State voter turnout hits 84.1 percent, just shy of record

By Rachel La Corte | The Associated Press

OLYMPIA — A record number of voters returned ballots in this month’s election, but the overall state turnout percentage after challenged ballots were reviewed fell just shy of the record 84.6 percent in 2008.

While 84.8 percent of the state’s nearly 4.9 million voters returned ballots for the Nov. 3 general election, the final rate Tuesday hit 84.1 percent after county canvassing boards reviewed ballots that were challenged over issues like signatures or postmarks. Tuesday was the last day for the counties to finish their work and certify the results.

Republican Secretary of State Kim Wyman plans to certify the election Dec. 1, a few days before the Dec. 3 deadline.

“This election is a real testament to how engaged voters were and how well county elections officers did their jobs,” Wyman said.

Of the state’s 39 counties, 32 had turnout of more than 80 percent, and six topped 70 percent.

Jefferson County turnout was 90.06 percent, second only in the state to San Juan County, which had 90.76 percent. That represented 24,948 registered voters returning ballots in Jefferson County and 13,289 voters in San Juan County.

Clallam County topped out at 86.06 percent, with 49,647 registered voters returning ballots.

The counties with the lowest turnout were Adams and Yakima, with just over 75 percent turnout.

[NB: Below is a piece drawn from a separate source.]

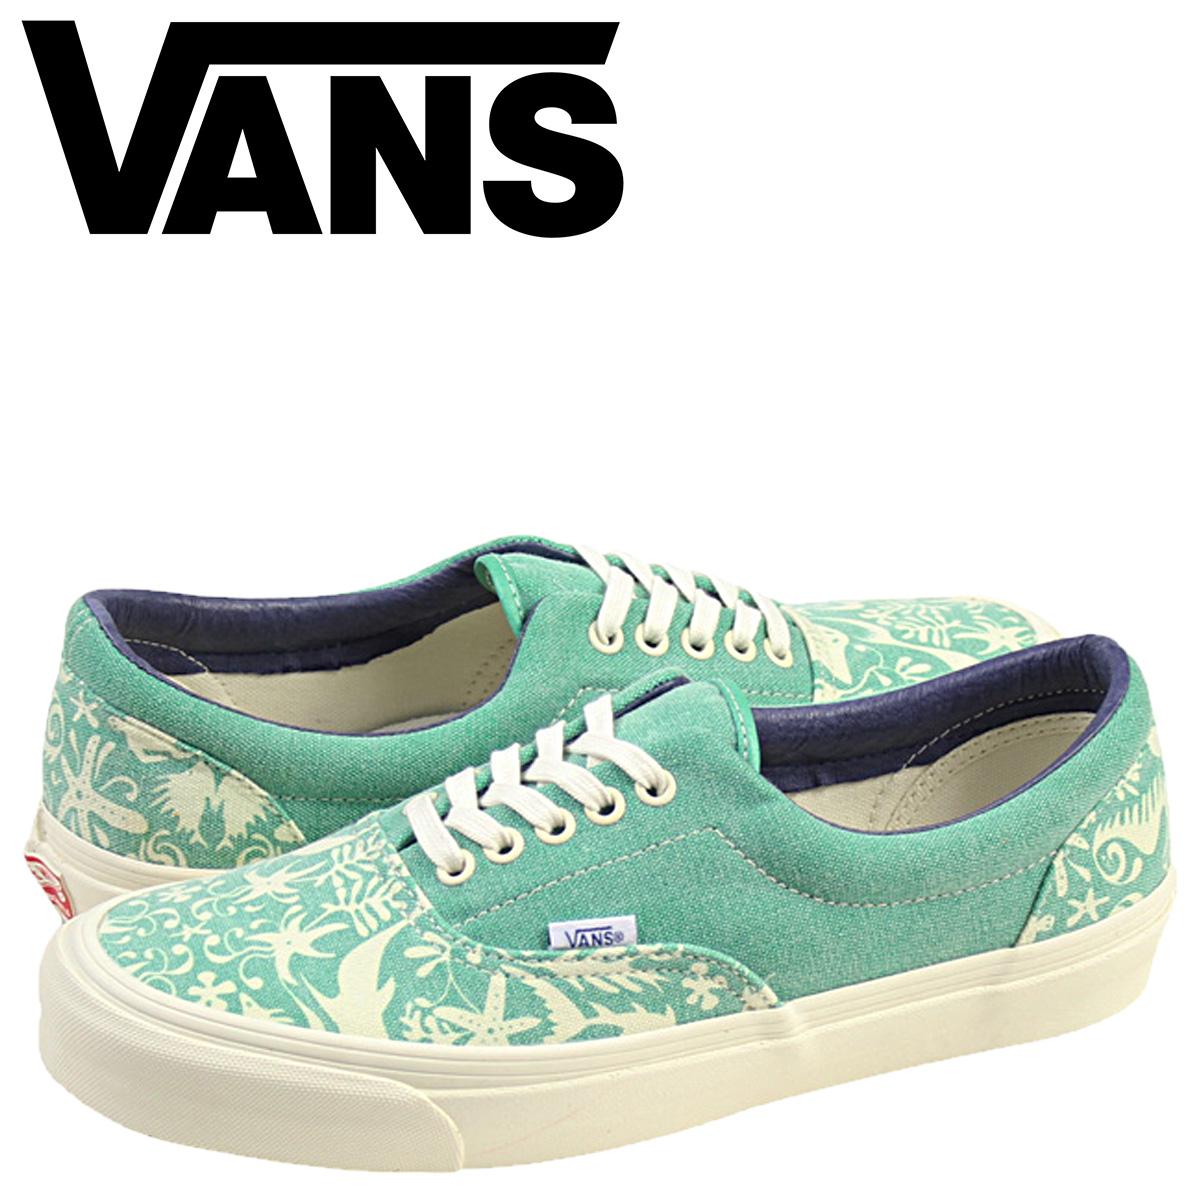 b9dfbdeb54 Sugar Online Shop  Vans VANS VAULT OG ERA LX TH SEA LIFE sneakers ...

In the 2016 election, turnout in vote-by-mail Washington was just under 79 percent, with more than 3.3 million ballots cast.

The high interest in the general election came after the state in August saw its highest primary turnout in more than five decades, with nearly 55 percent of voters returning their ballots.

More than 4.1 million voters cast a ballot in the November general election this year, compared to the 3 million cast in 2008.

Wyman said the increase in voter numbers is due in part to the population increase in the state over the years, as well as voter access laws, including same-day registration.

She said that, coupled with a year where voters weighed in on a lengthy ballot that included races for president and governor, it showed that “people believe that their vote is going to make a difference and they care about the issue or the candidate.”